Разрывов пиро-гранат она уже не почувствовала.

6 Рандеву

Парсонс ненавидел свою работу.

Сидеть тут битый час, изображать увлечённость каким-то дурацким шоу, а самому только и следить, чтобы камера держала объект.

Лучше бы он, право, заделался служанкой, осел бы где-нибудь в коммерческой контрразведке «Джи-И», его туда сто раз звали. Работа непыльная, но уважаемая. Технари, правда, достают, зато честный трёхнедельный отпуск, в потенциале – личная вилла в горах и уважаемая должность начальника какого-нибудь отдела с бессмысленным буквенно-цифровым кодом.

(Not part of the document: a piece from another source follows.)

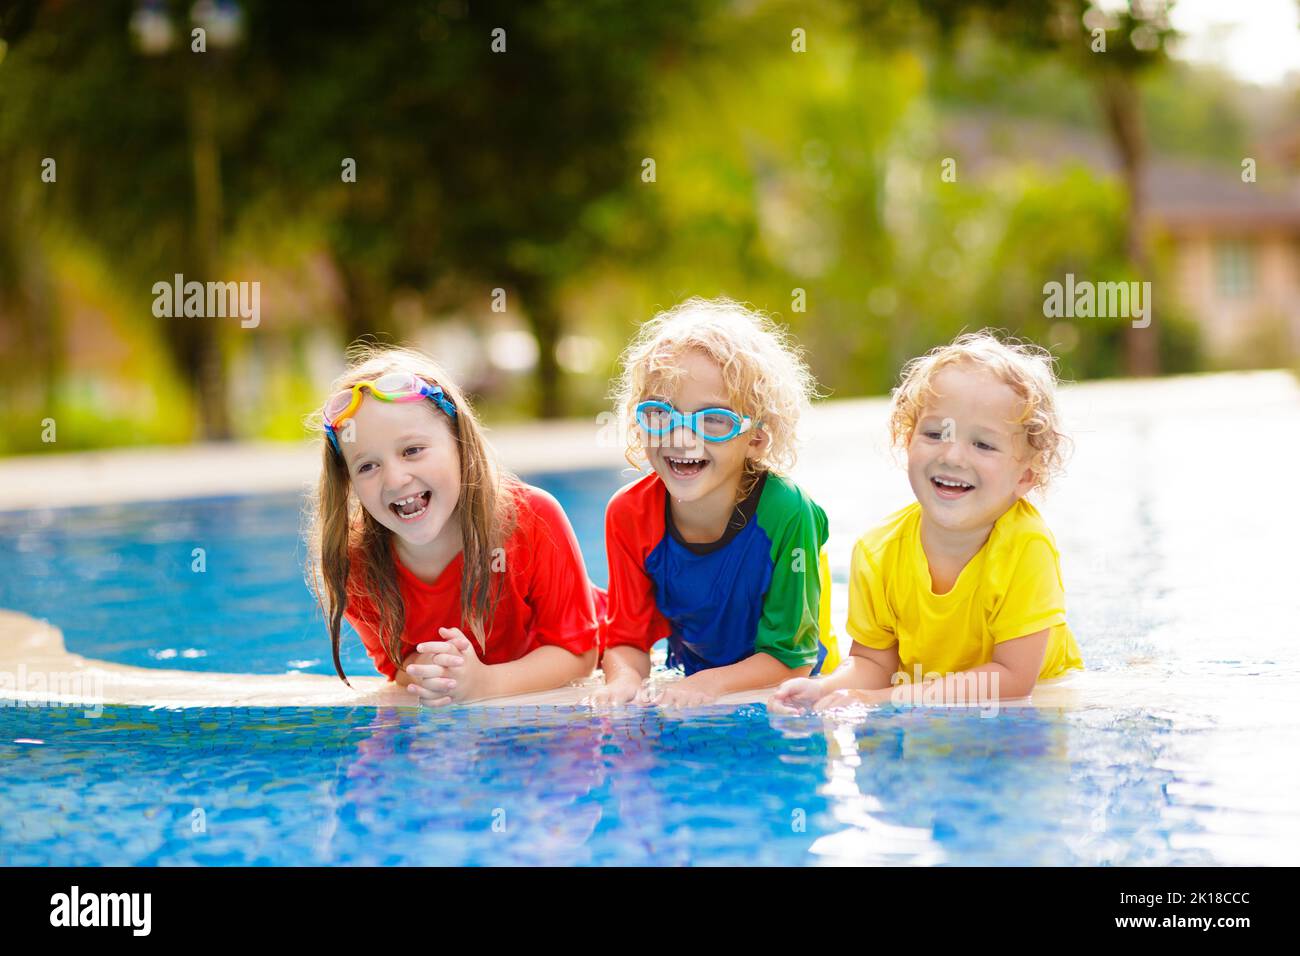 Kids play in swimming pool. Children learn to swim in outdoor pool of tropical resort during family summer vacation. Water and splash fun for young ki Stock Photo

Все тебя любят, в рот заглядывают, медицина по высшему разряду, большая квартира в верхних уровнях. Угу. Начальство, вытирающее об тебя ноги, коллеги, жаждущие тебя утопить в дерьме при первой возможности, а стоит покинуть башню, тут же за тобой трое начинают следить, а двое твоих начинают следить за теми троими, и так по кругу.

Зверинец.

Лучше уж так, неверных жён выслеживать. А в корпоративные дрязги он не полезет ни за какие коврижки.

Так что, как бы Парсонс ни ненавидел свою работу, она была лучшим занятием, которое он мог себе представить.

Нужны кредиты – не спишь неделями, по горло накачавшись стимуляторами, постоянно рискуешь схлопотать по морде или, что хуже, угодить в поле зрения корпоративных служанок.

С другой стороны, не нужны кредиты – валяешься на диване, месяцами не снимая халата, тапочек и любимых трусов-боксеров на три размера больше. Зарастаешь в своё удовольствие шерстью, как бабуин, прокуриваешь холостяцкое гнёздышко до жалоб от соседей, только и забот, что гонять излишне приютившихся девок за порог. Серьёзные отношения – это не для нас, нас на позатой неделе чуть из разрядника не укокошили, зачем нам лишние процессии безутешных вдов и сирот.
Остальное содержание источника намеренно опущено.